• **WHAT THE TASK ASKS**:
For this exercise, copy exactly the lines below from the one with "Two-tone orange-purple Cuchi hat with S brim" through the one with "Cretan Beige Striped" and leave out the pictures.

• **DATASET RECORDS**:
⁂
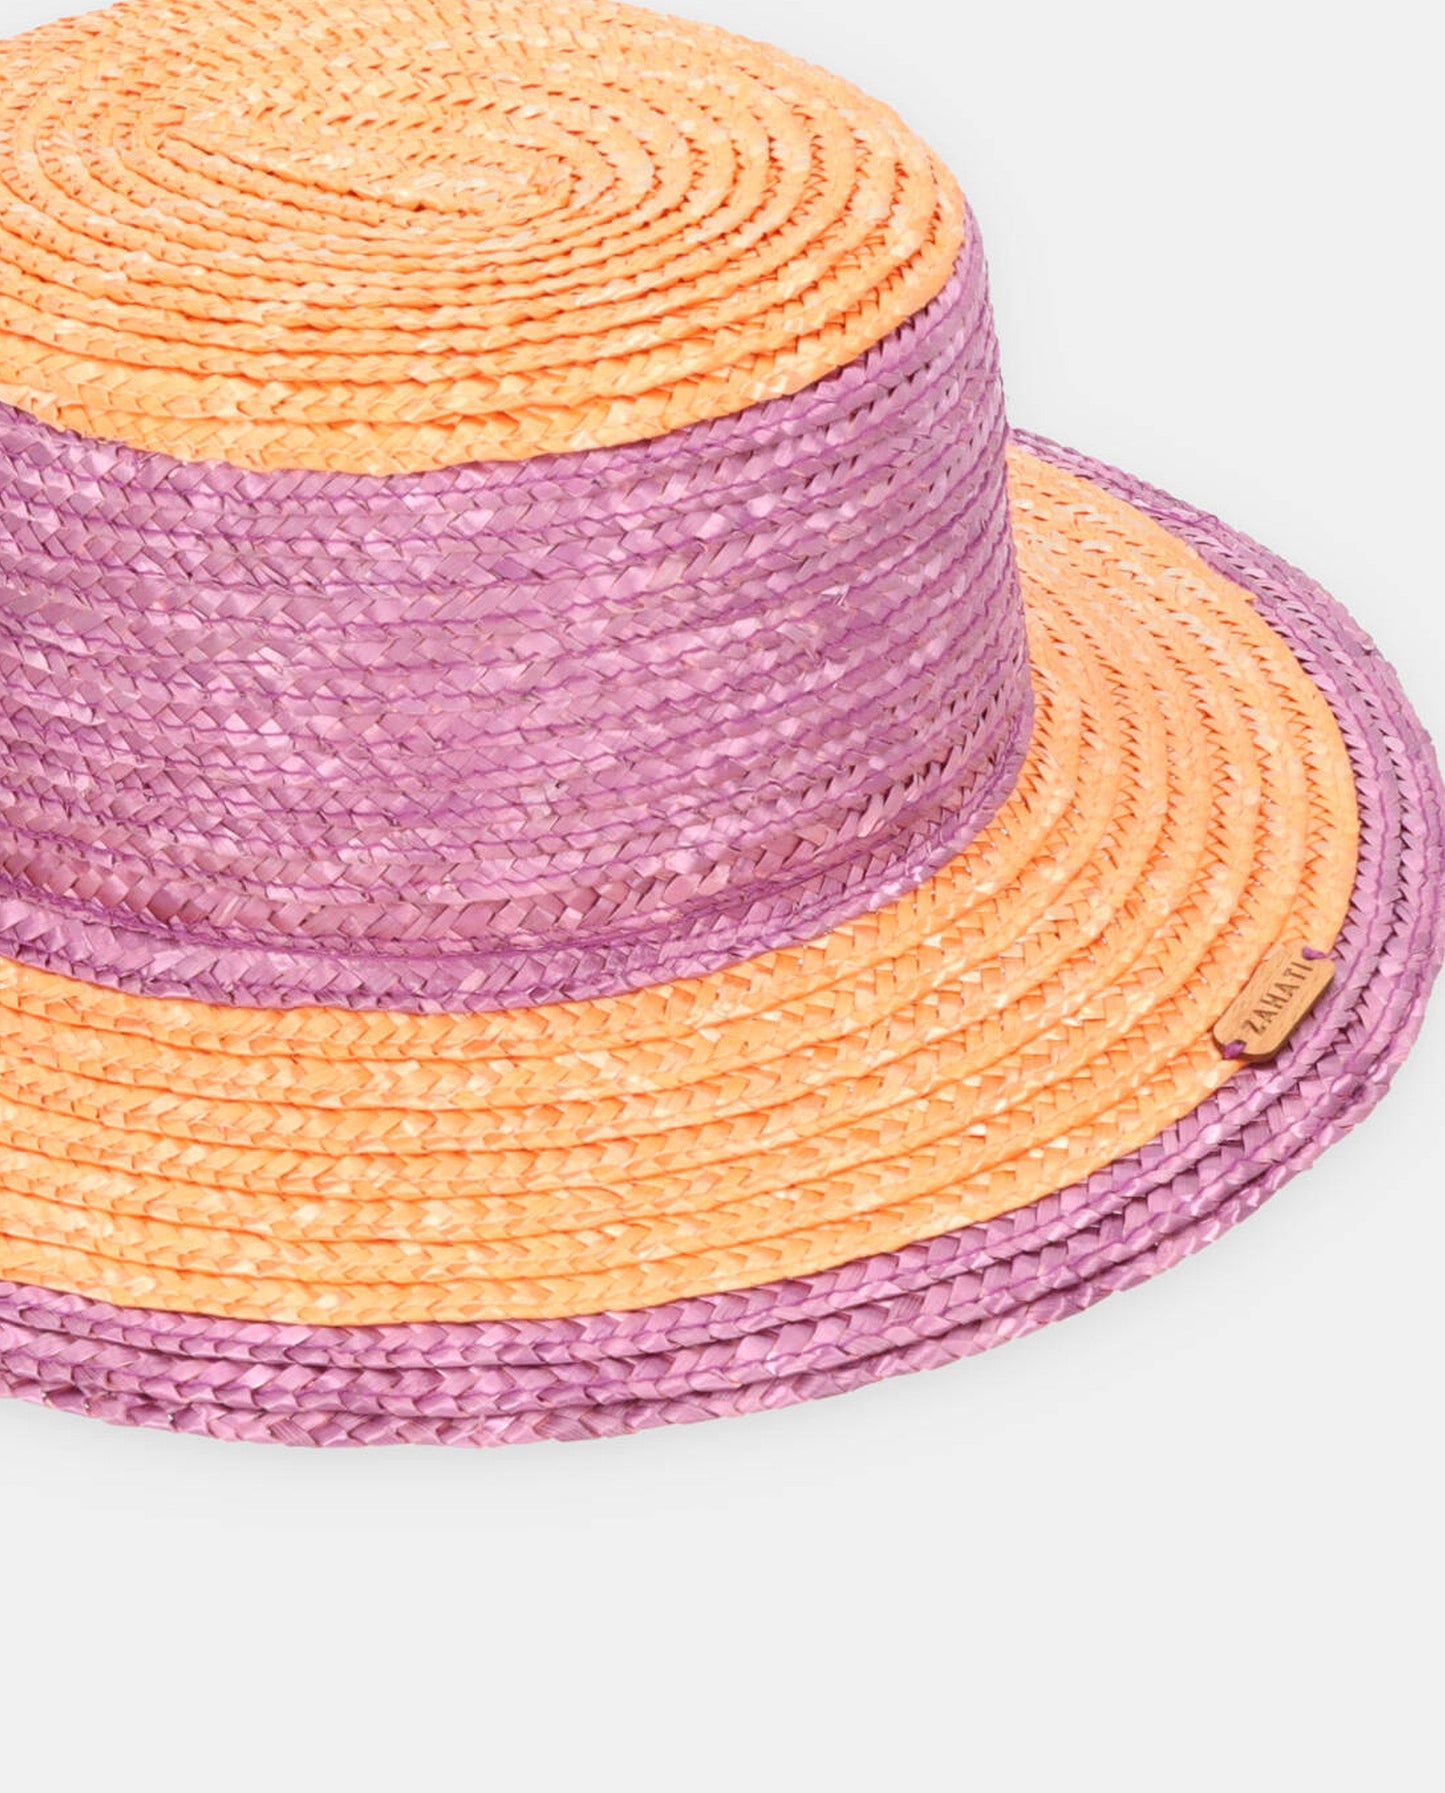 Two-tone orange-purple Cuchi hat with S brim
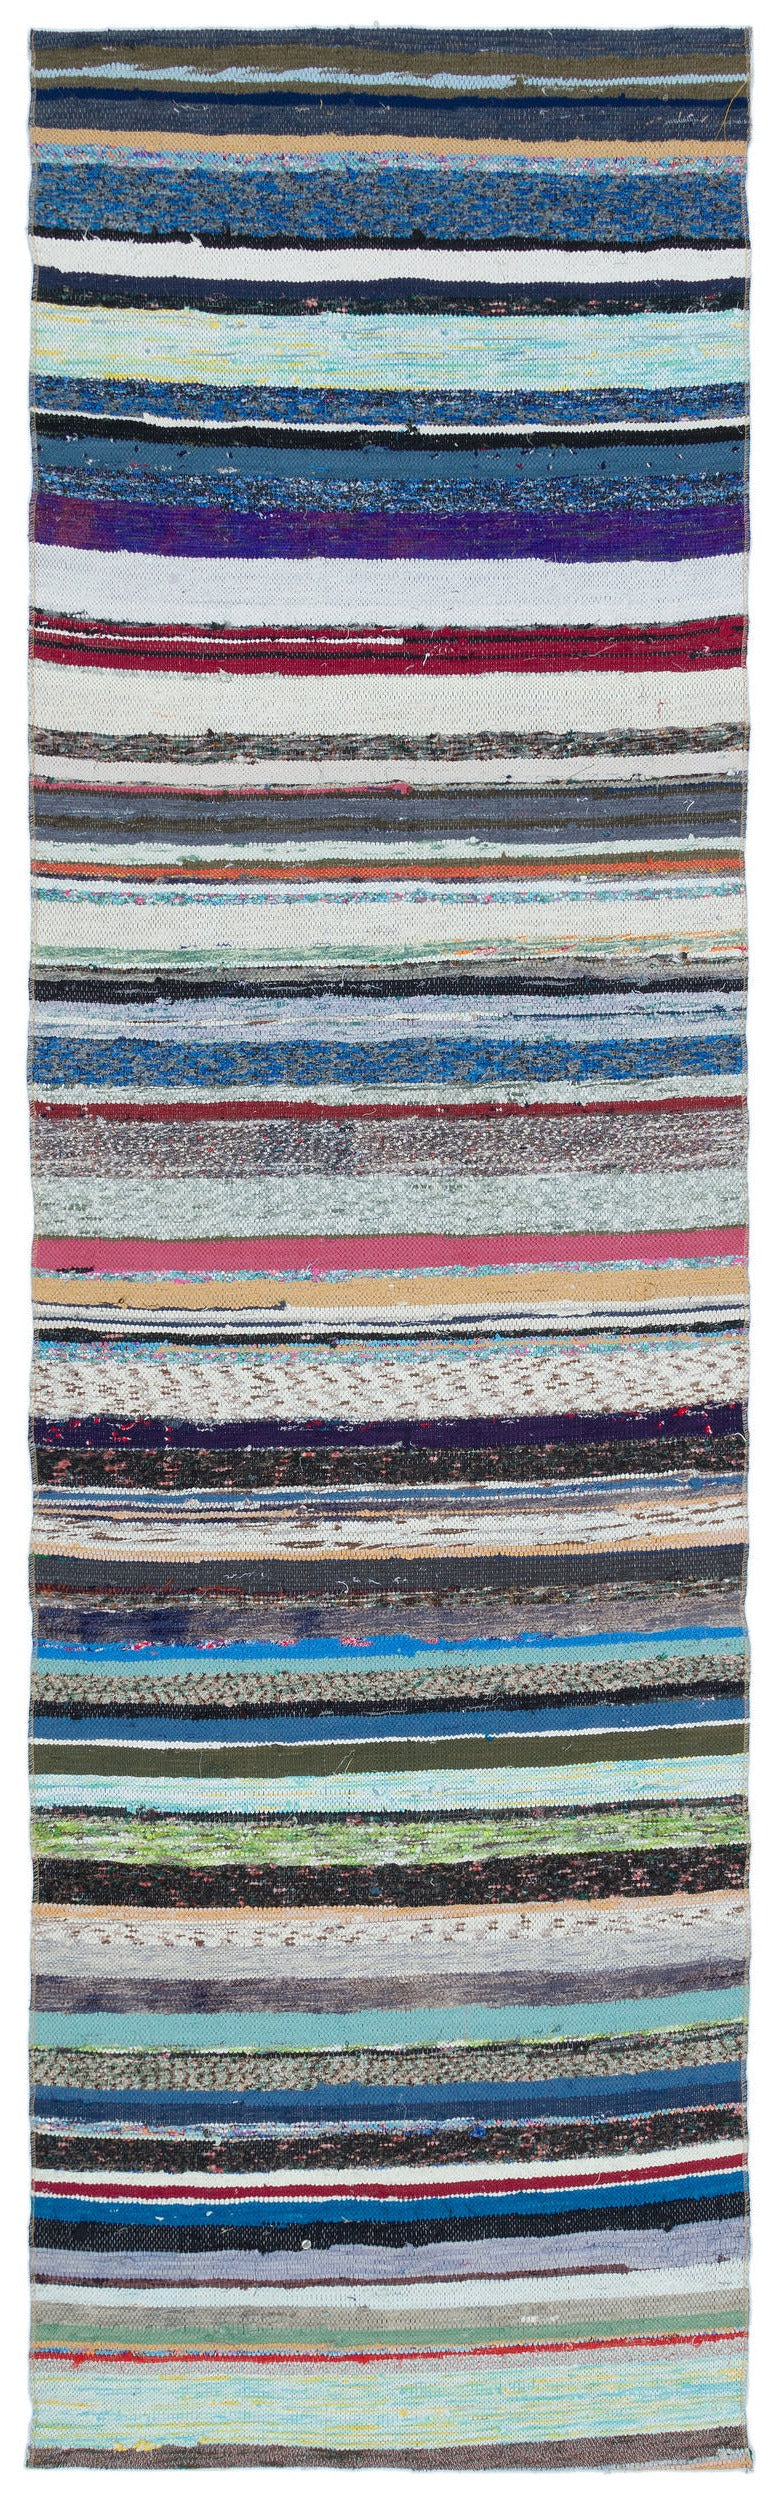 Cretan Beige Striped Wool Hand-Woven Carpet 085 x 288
⁂
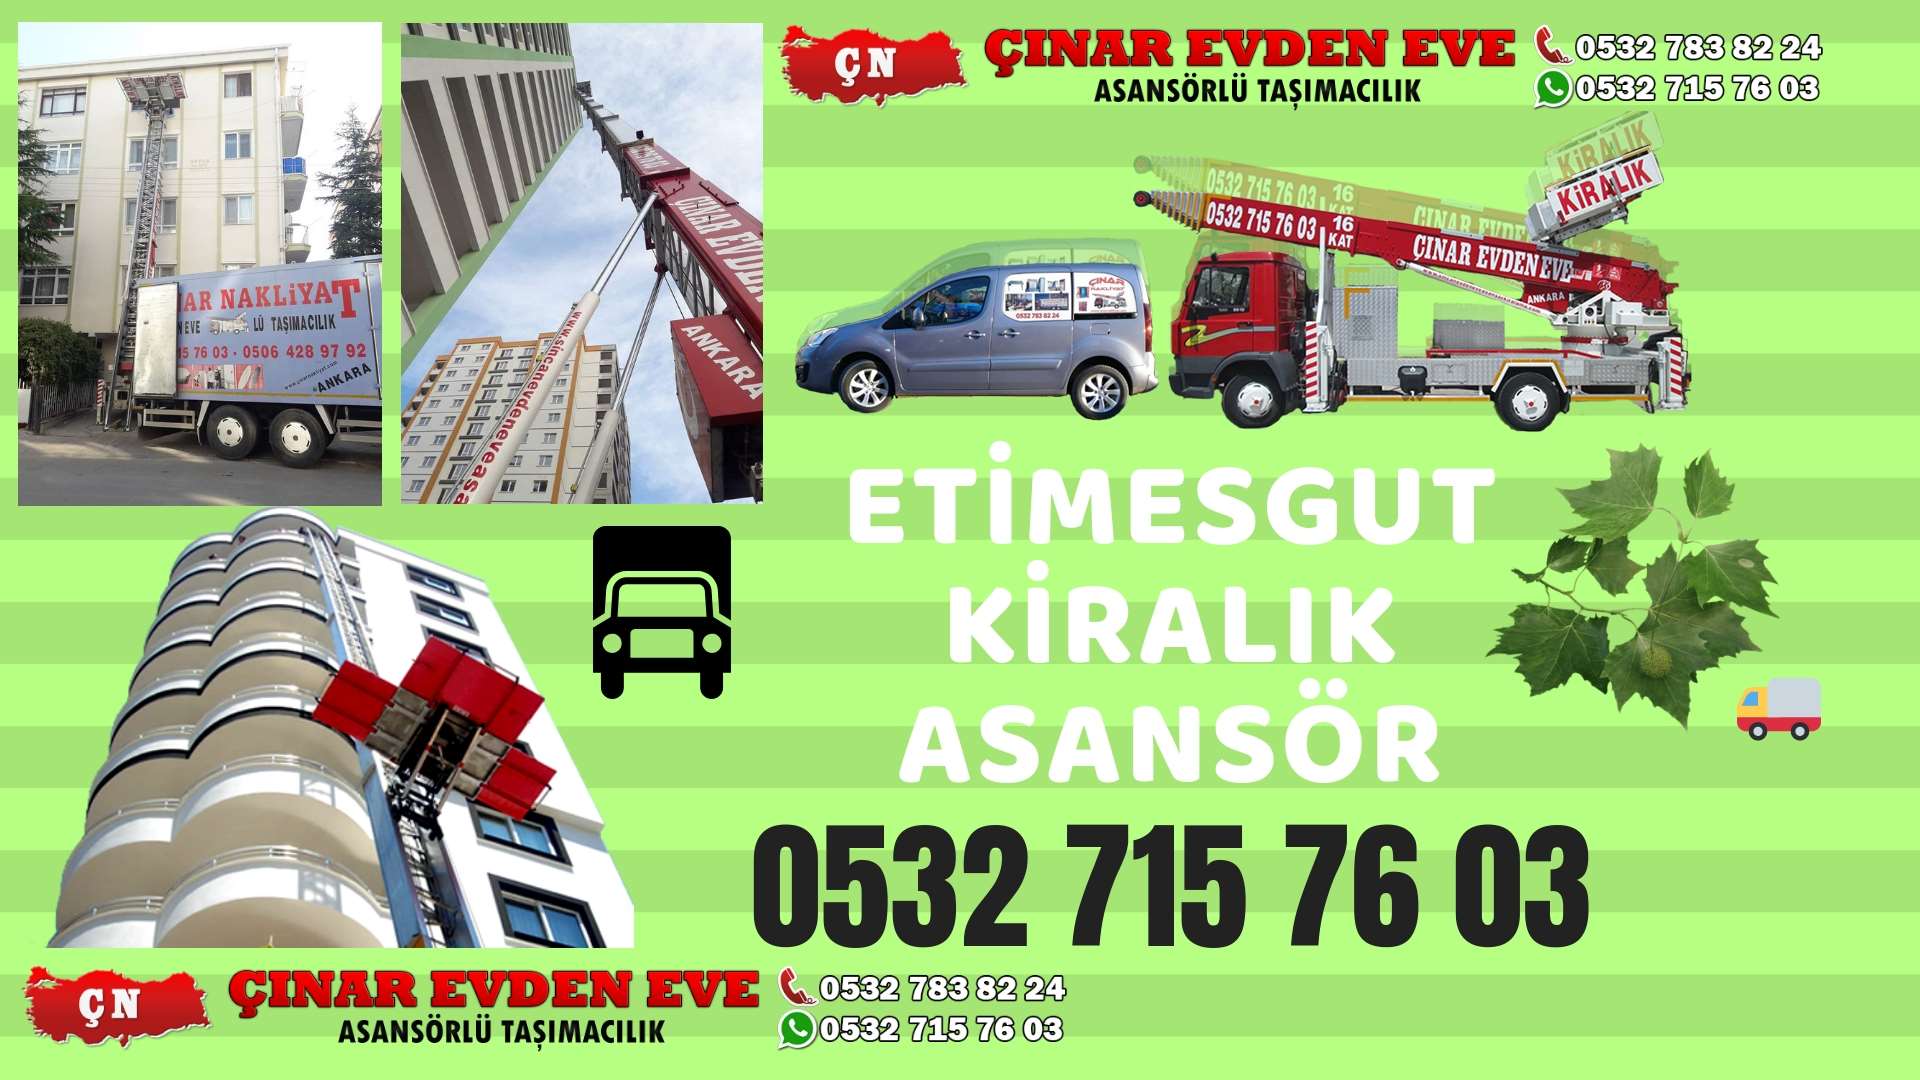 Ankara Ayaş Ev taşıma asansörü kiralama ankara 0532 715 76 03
⁂
• **RESPONSE TO THE TASK**:
 Two-tone orange-purple Cuchi hat with S brim
 Cretan Beige Striped Wool Hand-Woven Carpet 085 x 288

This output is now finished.